I've tried to convert **Lagrange Multiplier** into Python code, but do not got any results. I may not understand thoroughly enough.
The difference between the handwork algorithm and the Numpy algorithm in calculating **covariance** lies in whether N_sample is subtracted by 1. It's because of the difference between the population and the sample.

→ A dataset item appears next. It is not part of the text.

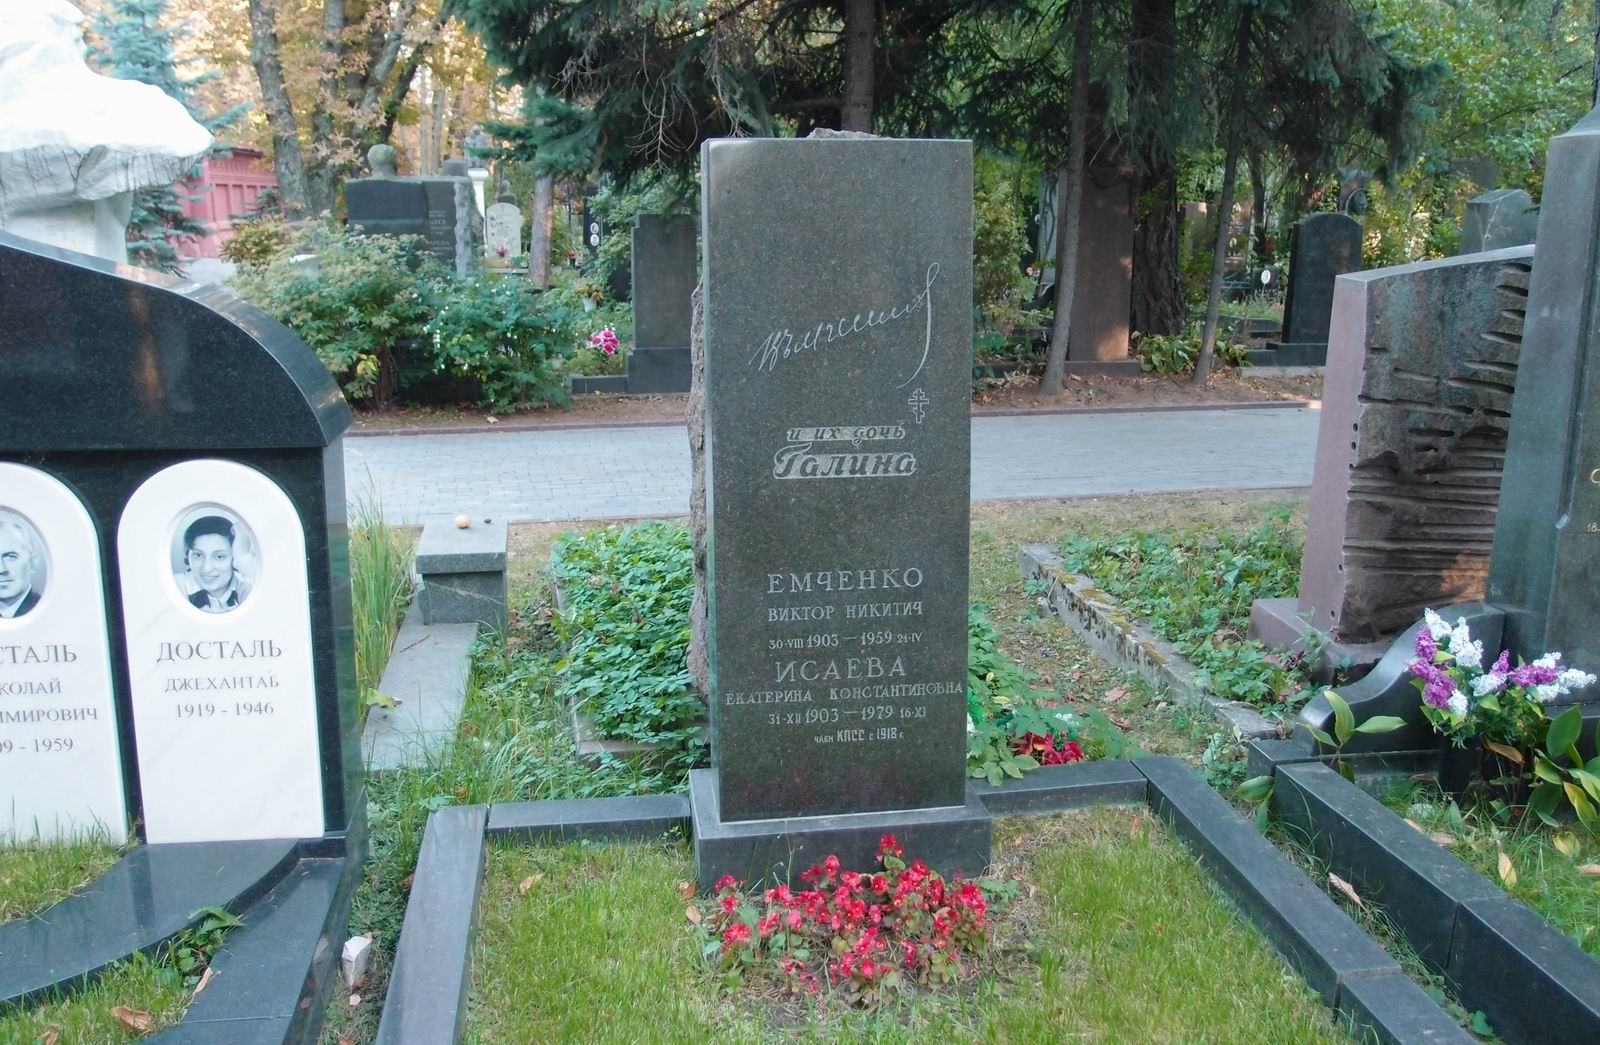 Памятник на могиле Емченко В.Н. (1903-1959), на Новодевичьем кладбище (5-32-3).

Result of **np.linalg.svd**
```
Eigenvalues: [179.47582275 5.72409536]
Eigenvectors: [[-0.02360884 0.99972127]
[ 0.99972127 0.02360884]]
```
Result of **np.linalg.eig**
```
Eigenvalues: [ 5.72409536 179.47582275]
Eigenvectors: [[-0.99972127 0.02360884]
[-0.02360884 -0.99972127]]
```
It seems there is a little different between two function,and I found the answer in stackoverflow: The rows in **np.linalg.svd** contain the Eigenvectors, whereas in **np.linalg.eig** it's the columns.